Der Arbeitsplatz wird angepasst

Landschaftsverband zeichnet die Firma Rhein-Getriebe als vorbildlichen Arbeitgeber für Behinderte aus.

Büderich. Warum die Rhein-Getriebe GmbH in Büderich im November vergangenen Jahres vom Landschaftsverband Rheinland mit dem Prädikat „Behindertenfreundlicher Arbeitgeber“ ausgezeichnet wurde, war Roman Hiersig zunächst gar nicht so klar. „Seit ich hier im Betrieb bin, hatten wir schon immer Mitarbeiter mit einem Handicap. Das war in gewisser Hinsicht eine Selbstverständlichkeit“, sagt der Geschäftsführer.

Derzeit sind sechs Prozent der 50 Mitarbeiter in dem mittelständischen Familienunternehmen, das sich vor allem auf die Montage von Getrieben für die Medizintechnik spezialisiert hat, behindert. Gesetzlich vorgeschrieben ist eine Quote von fünf Prozent. Firmen, die diese Quote nicht erreichen, müssen eine Abgabe zahlen. „Knapp 80 Prozent aller Unternehmen in Deutschland kaufen sich meines Wissens frei. Bei uns hat es das in den vergangenen sechs Jahren nicht mehr gegeben“, erklärt Hiersig.

Als der Geschäftsführer vor 15 Jahren in das Unternehmen an der Grünstraße kam, hatte er ein Schlüsselerlebnis. „Ein Beschäftiger hat seine Arbeit nicht wirklich gut gemacht. Er hatte einen total konfusen Rhythmus. Ich habe ihm extra seine Aufgaben auf einer Exel-Tabelle aufgelistet, doch das hat auch nicht geholfen.“ Kurze Zeit später habe ihn dann ein Kollege darauf aufmerksam gemacht, dass der Mann weder lesen noch schreiben könne. „Das wusste ich nicht. Und auch nicht, dass er autistisch veranlagt war, wie sich später herausstellte“, erzählt Hiersig.

Der Firmenchef gab den Angestellten nicht auf. „Er wusste gar nicht, welche finanzielle Hilfe ihm aufgrund seiner Behinderung vom Staat zusteht“, erinnert sich Hiersig.
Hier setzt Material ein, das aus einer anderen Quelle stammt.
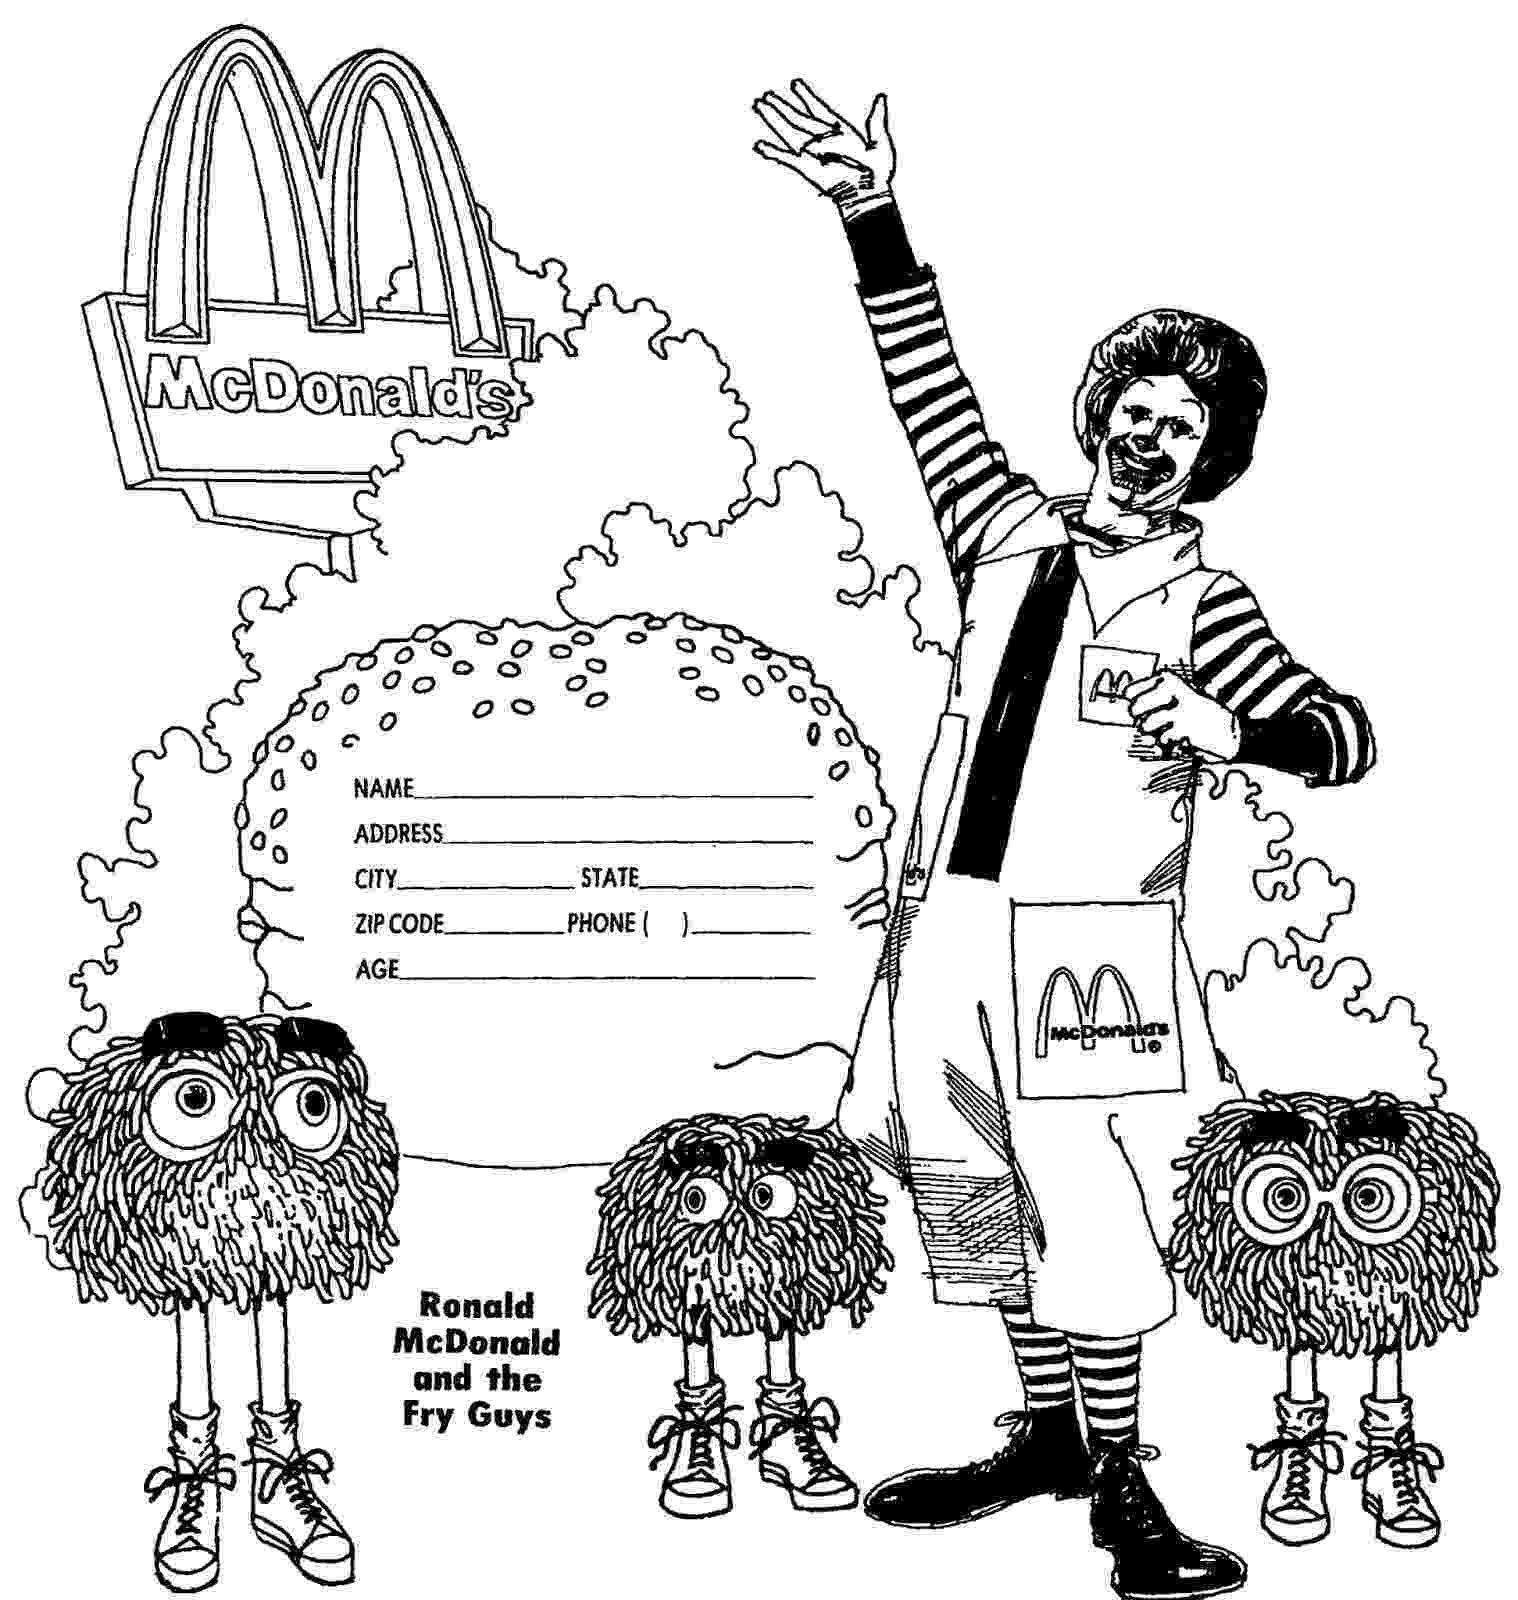 ronald mcdonald colouring pictures mostly paper dolls a ronald mcdonald valentine 1976 colouring ronald pictures mcdonald

Mit Unterstützung von Betriebsrat, Betriebsarzt, Integrationsfachdienst und dem Landschaftsverband wurde der Arbeitsplatz des Mitarbeiters genau auf dessen Fähigkeiten zugeschnitten. Der Beschäftigte blieb bei dem Büdericher Unternehmen bis zur Rente.

„Es sind häufig Kleinigkeiten, die Menschen mit einem Handicap helfen. Ein individuell verstellbarer Schreibtischstuhl oder Tisch kann da manchmal schon ausreichen“, sagt Hiersig, der erst als Mitglied des Rotary Clubs gelernt hat, unbefangen mit Schwerbehinderten umzugehen. „Wir haben es hingekriegt, dass keiner unserer Mitarbeiter in seiner Leistungsfähigkeit eingeschränkt ist. Auch die behinderten Mitarbeiter sind voll integriert.“

Bei Rhein-Getriebe arbeiten momentan keine geistig behinderten Menschen oder Beschäftigte mit einer sichtbaren körperlichen Behinderung. Doch auch bei der Beschäftigung von Krebskranken, Männern mit Herzschrittmachern oder Menschen, die eine Beeinträchtigung der Lunge aufweisen, gelte es, die Rahmenbedingungen am Arbeitsplatz auf die persönlichen Voraussetzungen des jeweiligen Beschäftigten abzustimmen, betont Hiersig.

Viermal im Jahr gebe es in dem Büdericher Betrieb eine Arbeitssicherheitssitzung, die auch genutzt werde, mögliche Herausforderungen, die der Arbeitsplatz eines Behinderten mit sich bringe, zu besprechen, erzählt der Geschäftsführer. Roman Hiersig verhehlt nicht, dass ihn die Auszeichnung des Landschaftsverbandes ein wenig stolz macht. „Wir haben die kleine Trophäe, die übrigens auch von Behinderten angefertigt wurde, ja nicht umsonst direkt am Eingang postiert“, sagt Hiersig lachend.